Government-sponsored social protection (or social insurance) is generally considered a European “invention.” Its origin has at times been traced to the Workmen Compensation for Norwegian Miners, enacted as far back as 1842, to the Venetian Fund for invalid sailors of 1786, or, more often, to the legislation introduced by Bismarck in Germany in the 1880s. The Social Security Act, introduced by President Franklin Roosevelt in the United States in the middle of the Great Depression, represented a considerable extension and aimed to cover all American workers (but not all citizens) who met some requirements, such as age and years of contribution.

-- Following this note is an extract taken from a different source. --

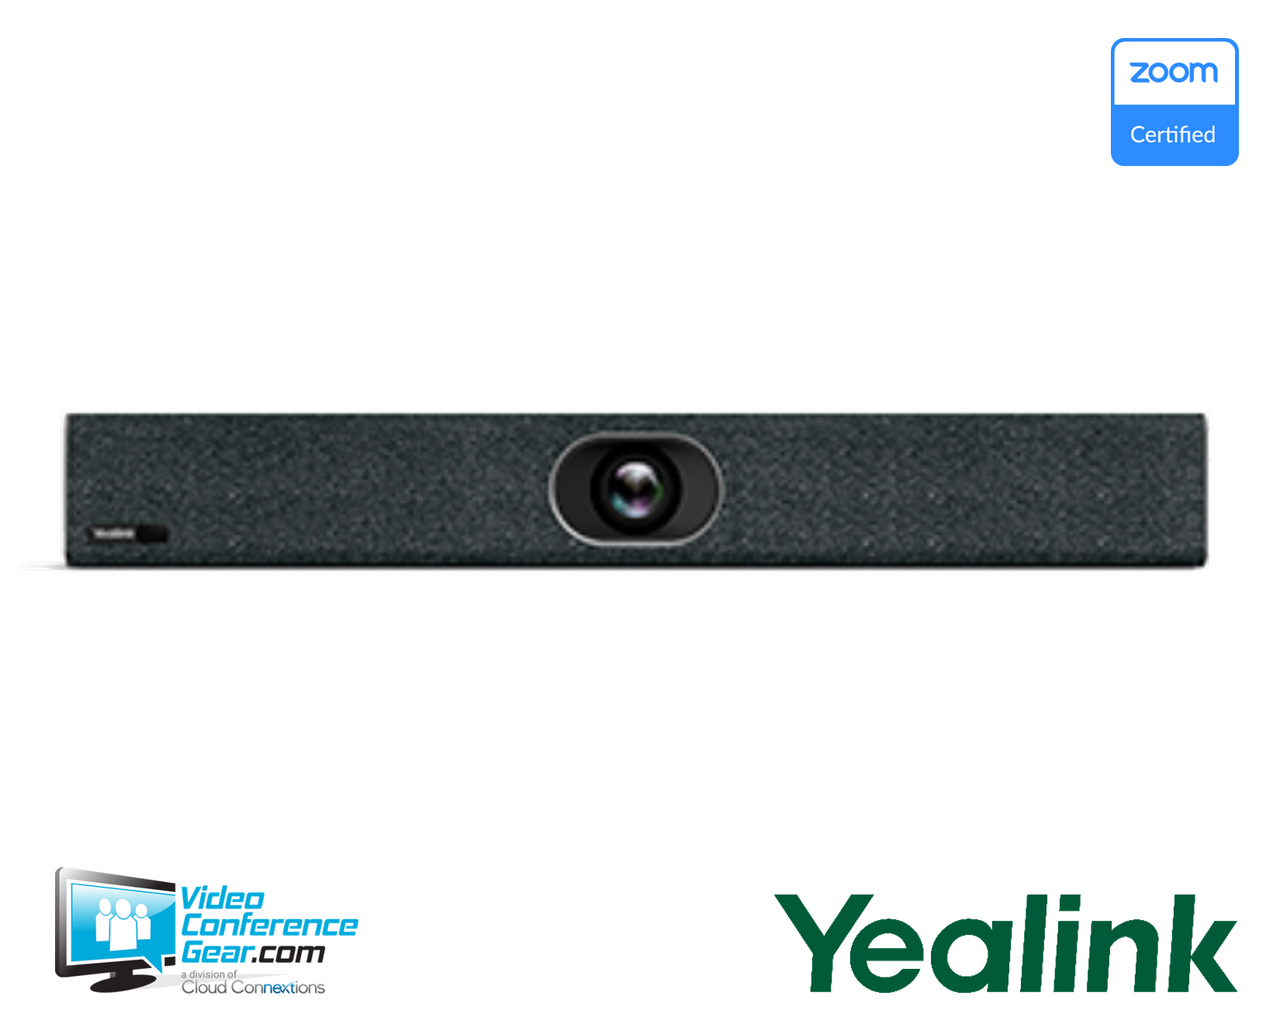 Yealink MeetingBar A20 Zoom Rooms Solution with All-in-One Android Collaboration Videobar and CTP18 Room Controller for Small Rooms
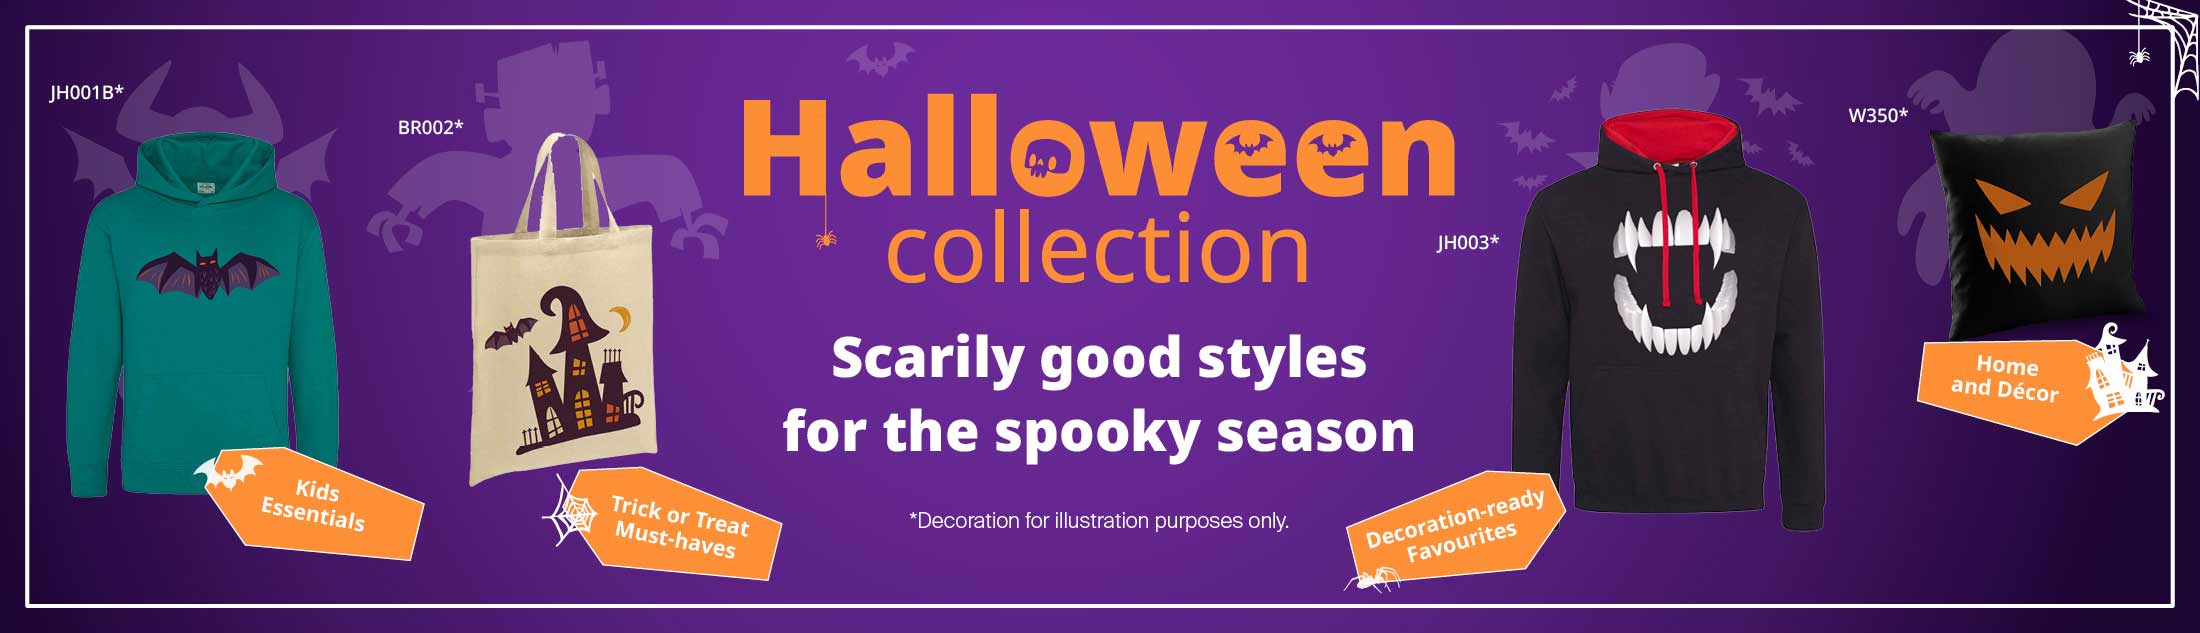 NEW Halloween collection!

In France, the birth of “securité sociale” is attributed to an “ordinance” (a regulation) issued on 4 October 1945, at about the same time when the Beveridge proposals were being considered in Britain. The French public system had been preceded by several private programs of family welfare and social insurance that had been introduced in France after 1914. These had started, generally, with initiatives by employers and by private mutual aid societies. They were later taken over by the government and incorporated in government programs (Dutton, 2002).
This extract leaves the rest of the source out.